You can coat metal with something and cause it to bind with a small laser, maybe take off anodizing. But I doubt you’ll be able to engrave anything metal with the S10…
The fiber frequency is 1064nm in the IR spectrum and the visible light from the s10 is 455nm, same as your current laser…
Laser wavelength : 455±5nm
You can find 1064nm led type lasers, but they are not fiber and not low cost either.
I know the advertisement states 304 type stainless, but I’m suspicious it’s not engraving it. Most metals reflect over 90% of the beam and/or have good heat sinking, removing the lasers heat quickly. These attributes make working with metal tough.
My fiber is a 60W machine, the pulse output of it are in the 18kW power range… it’s a pulsed laser not cw or continuous wave like most lasers out there…

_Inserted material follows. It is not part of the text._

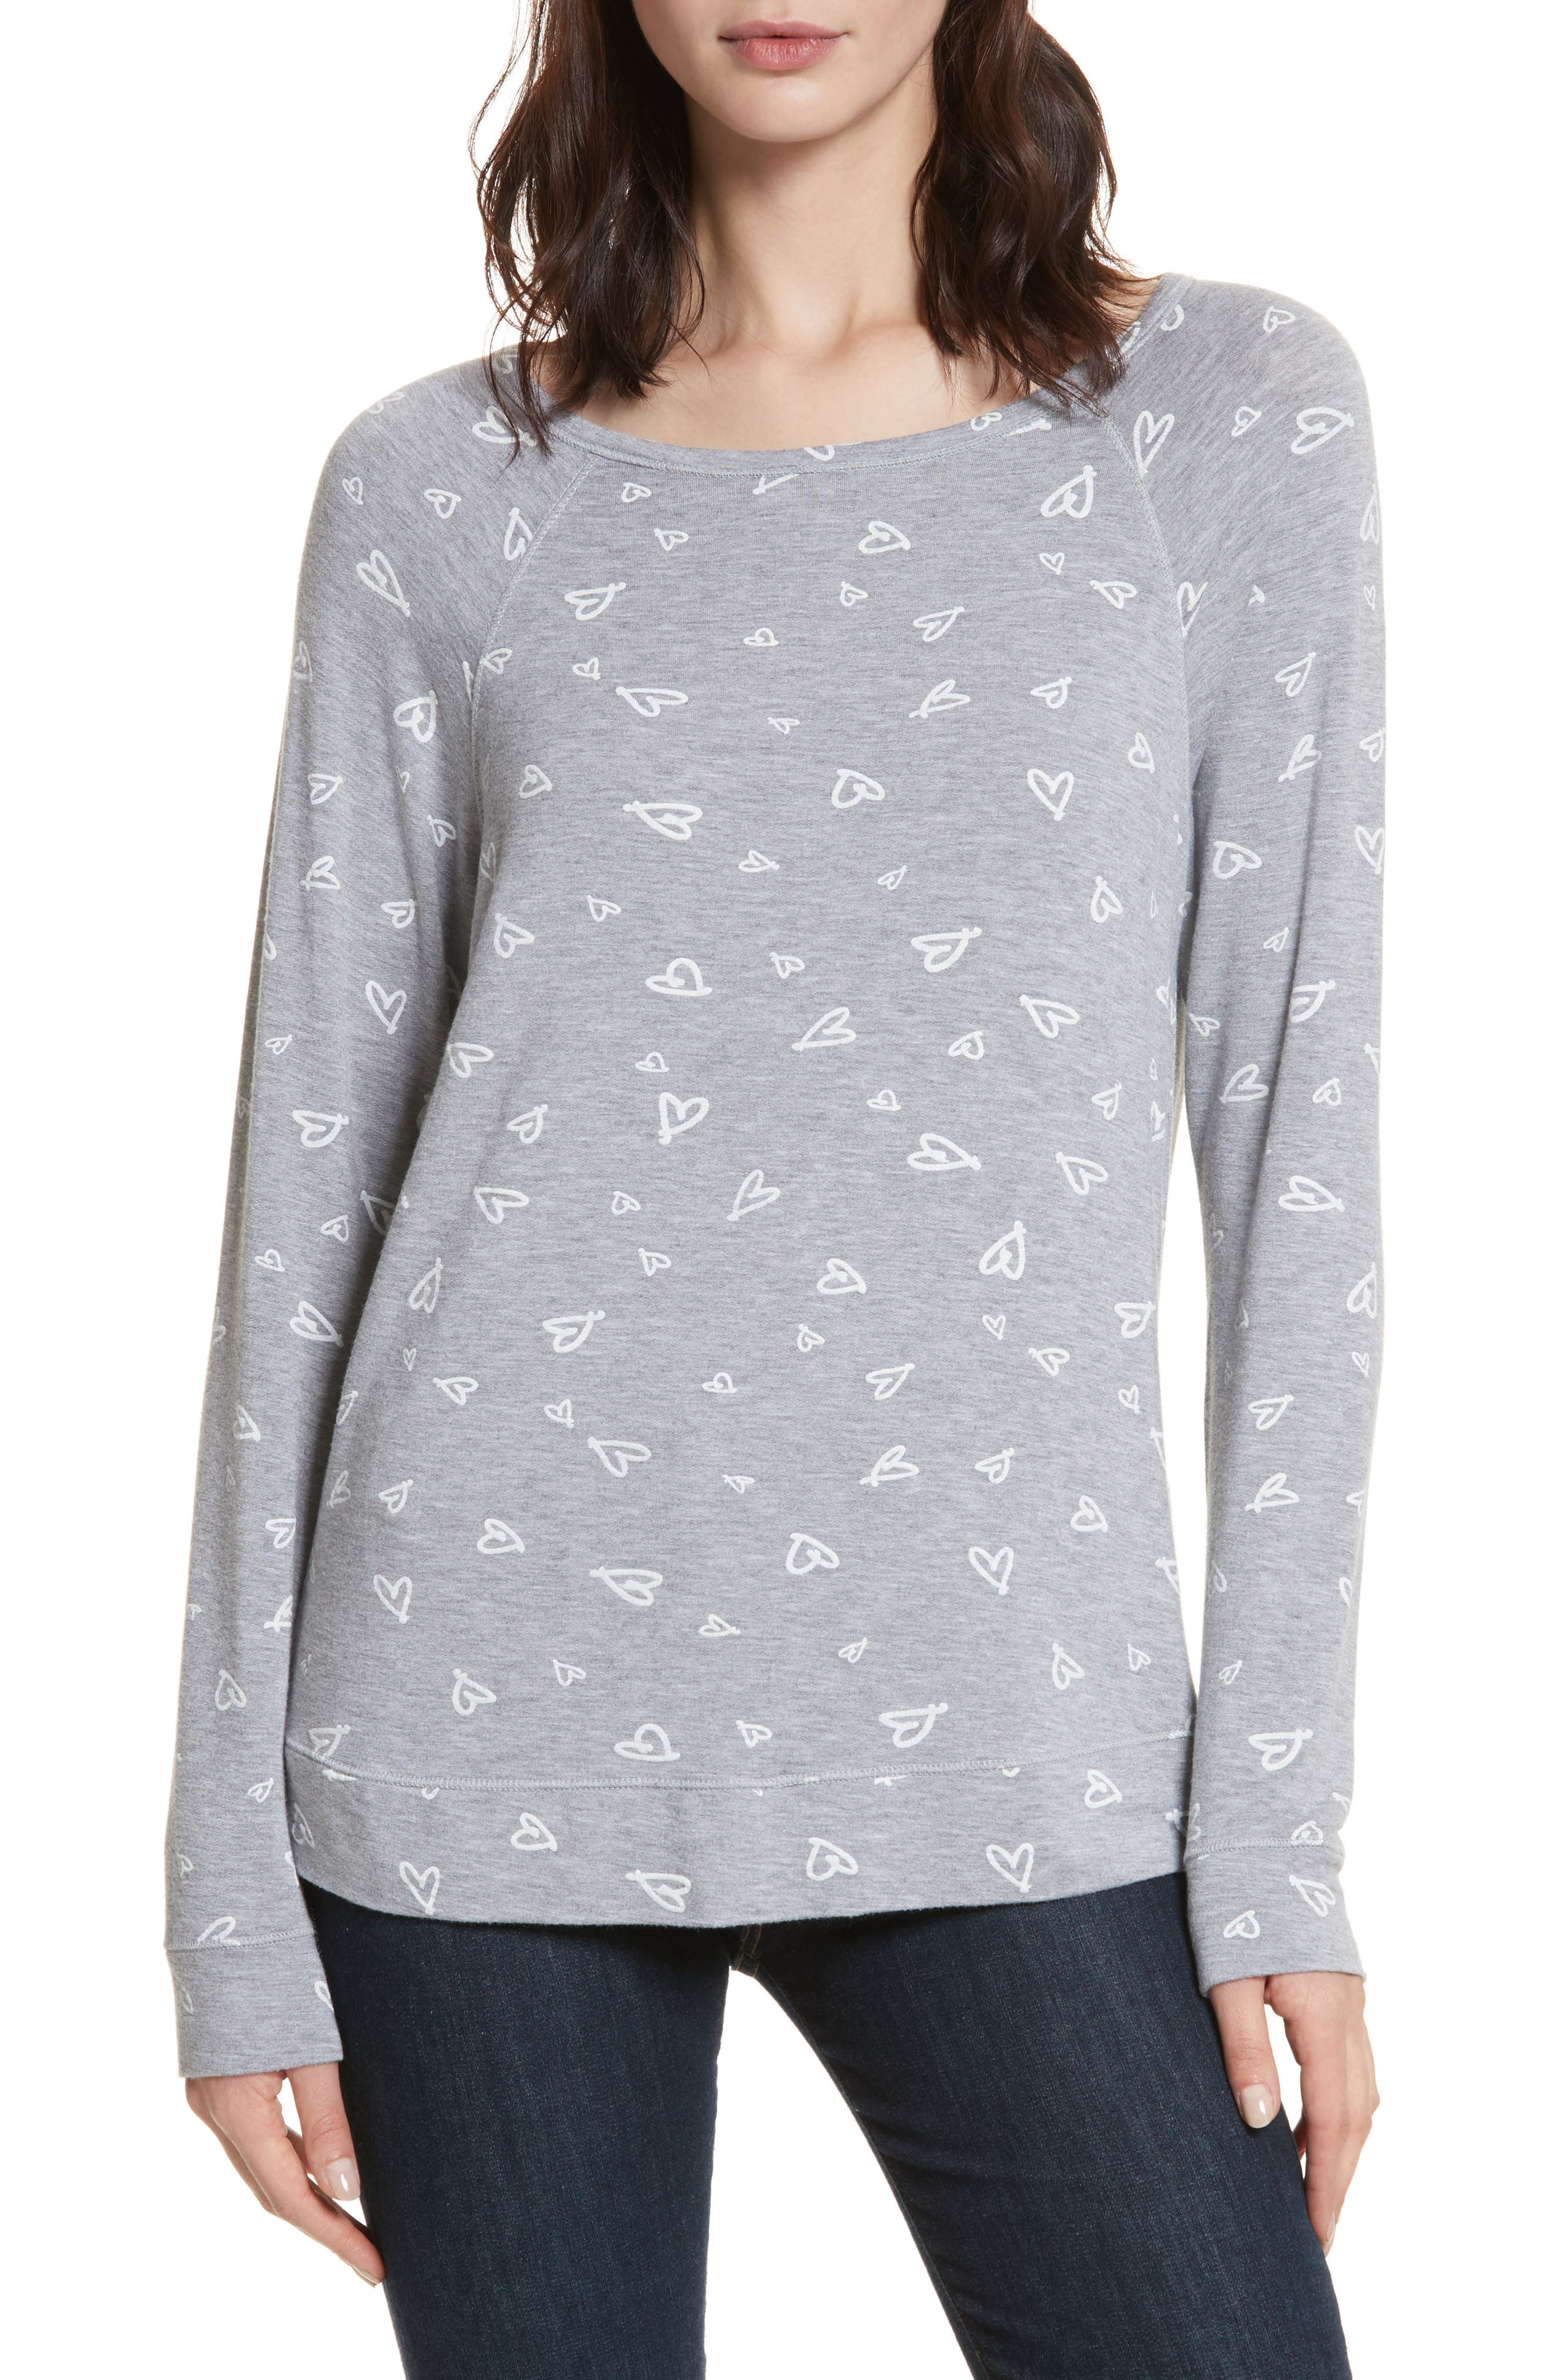 Alternate Image 1 Selected - Joie Annora B Print Cotton & Modal Blend Sweatshirt
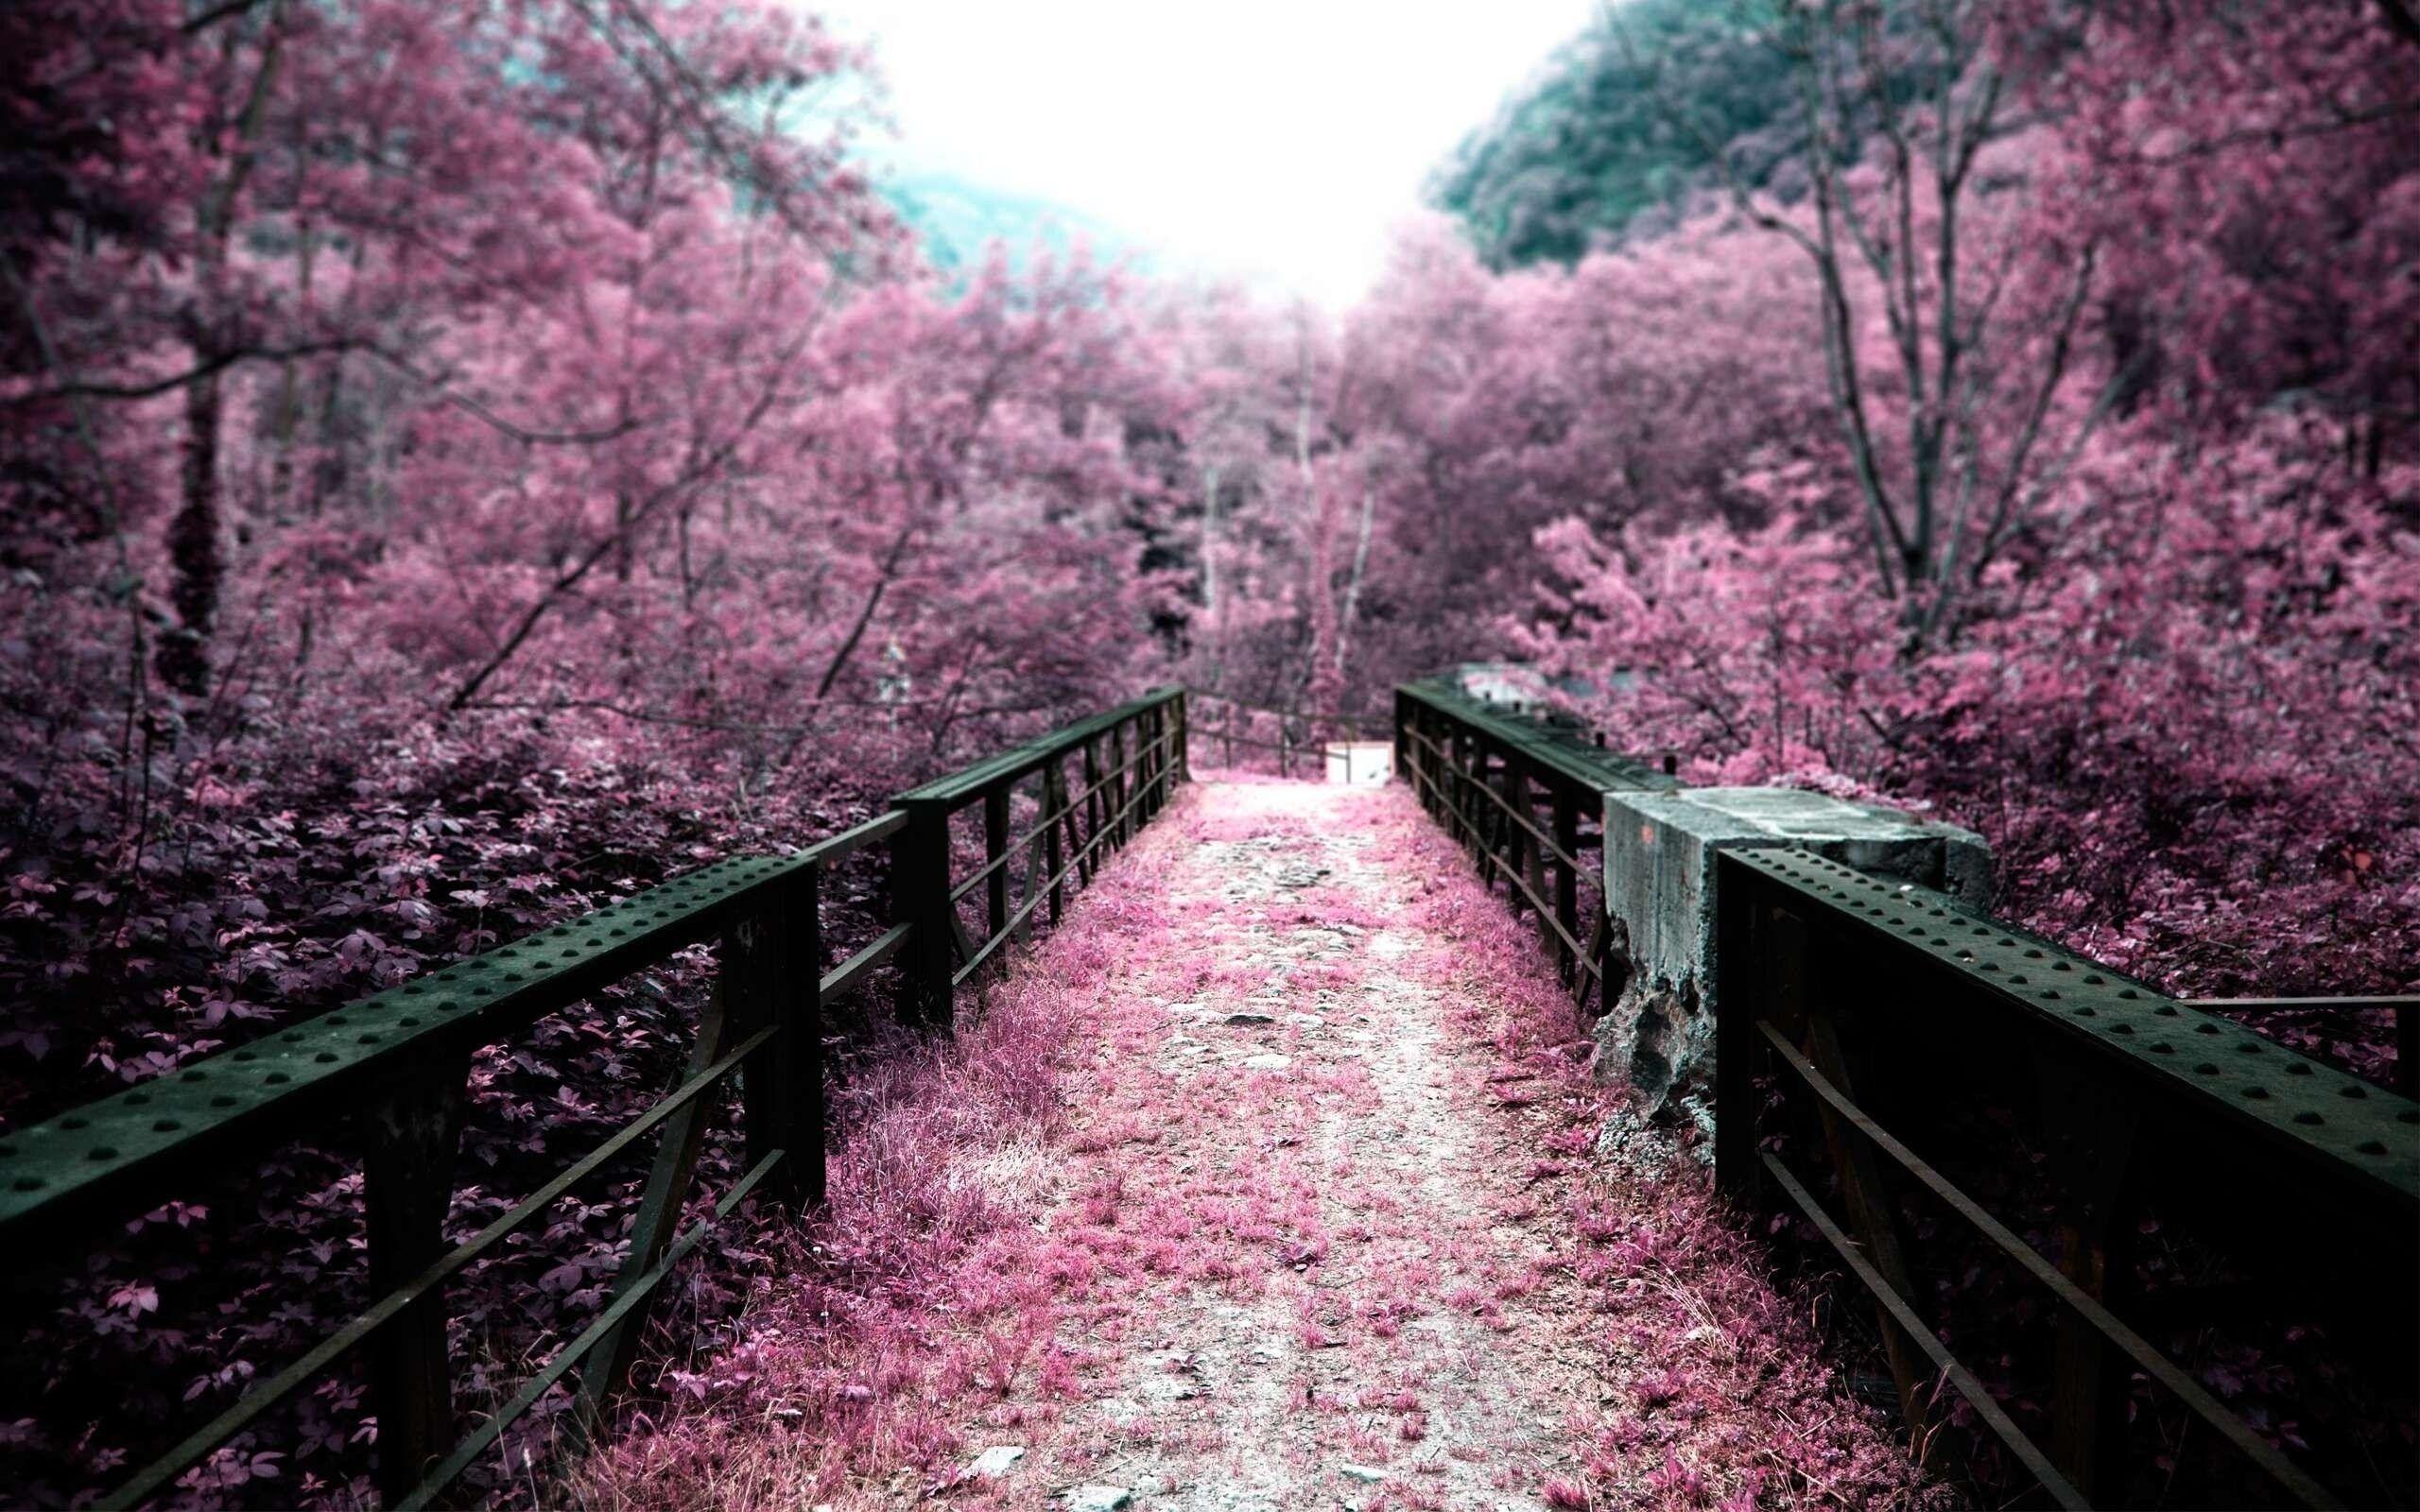 Sakura Wallpapers High Definition Cherry Blossom Wallpaper Best Flower Wallpaper Pink Flowers Wallpaper

There are co2 machines that cut metal, but they are > 2kW in power. I’ve heard of smaller machines in the 300W range cutting metals, but all of these are outside of the normal hobby lasers.
I have a 40W co2 and I can only mark on metals with a coating. I managed to mark a stainless steel tag, rather poorly, and it cost me a lens…
There are some UV heads that could mount on your type of machine that will work on metals along with some IR heads…
Most people cough up the money and purchase a fiber… you have a lot more control, but you pay for it…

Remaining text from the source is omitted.